7. Perks and Benefits of Working at Genpact
Genpact offers a comprehensive package of benefits to support the well-being, professional growth, and satisfaction of its employees. Here are some of the key perks you can expect
- AI-first learning and certifications: Access world-class training and AI certifications to accelerate your skills and career growth.
- Work on cutting-edge transformations: Build and scale AI, GenAI, and agentic AI solutions that drive industry-defining outcomes.
- Global exposure and flexibility: Collaborate across time zones and industries with diverse teams and clients.
- Mentorship from experts: Learn from seasoned consultants, engineers, data scientists, and AI leaders in a fast-moving environment.
- Ethical and responsible AI culture: Operate within strong governance, transparency, and security principles.
8. Conclusion
Genpact’s Data Strategy & Advisory Consultant role places you at the heart of enterprise transformation where robust data foundations meet AI-driven innovation. To stand out, demonstrate fluency in MDM and governance, a consultative approach to value creation, and practical ways to embed GenAI and agentic AI into stewardship and data quality.
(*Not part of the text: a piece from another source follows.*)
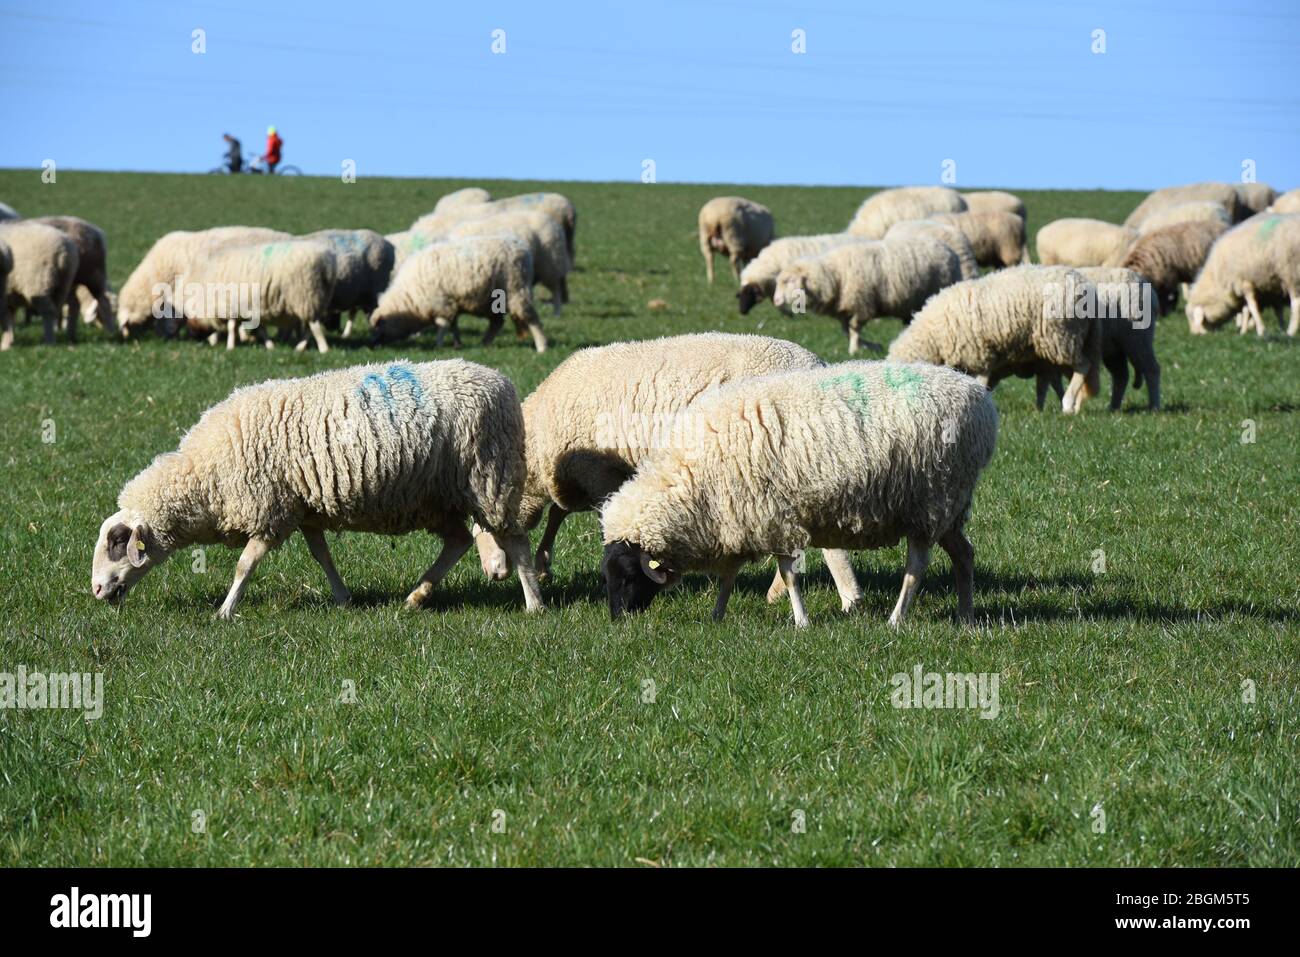 Schafe Ovis sind eine Saatgetieranlage aus der Gruppe der Ziegenartigen. Ovis Schafe sind ein Säugetier aus der Ziegengruppe. Stockfoto

Show that you can design operating models, influence senior stakeholders, and guide platform decisions across SAP MDG, Informatica, Reltio, and leading governance/catalog tools. With strong communication, problem-solving, and a bias for measurable outcomes, you can help clients modernize responsibly and at scale while advancing your own career in an AI-first environment.
Tips for Interview Success:
- Anchor to outcomes: Tie every strategy, tool, and pattern to business value, risks reduced, or compliance strengthened.
- Show platform pragmatism: Compare SAP MDG, Informatica, and Reltio with trade-offs, not vendor hype.
- Demonstrate AI utility: Share concrete GenAI/agentic AI use cases that augment stewards and automate DQ safely.
- Lead with governance: Present clear operating models, ownership, and metrics that drive sustainable adoption.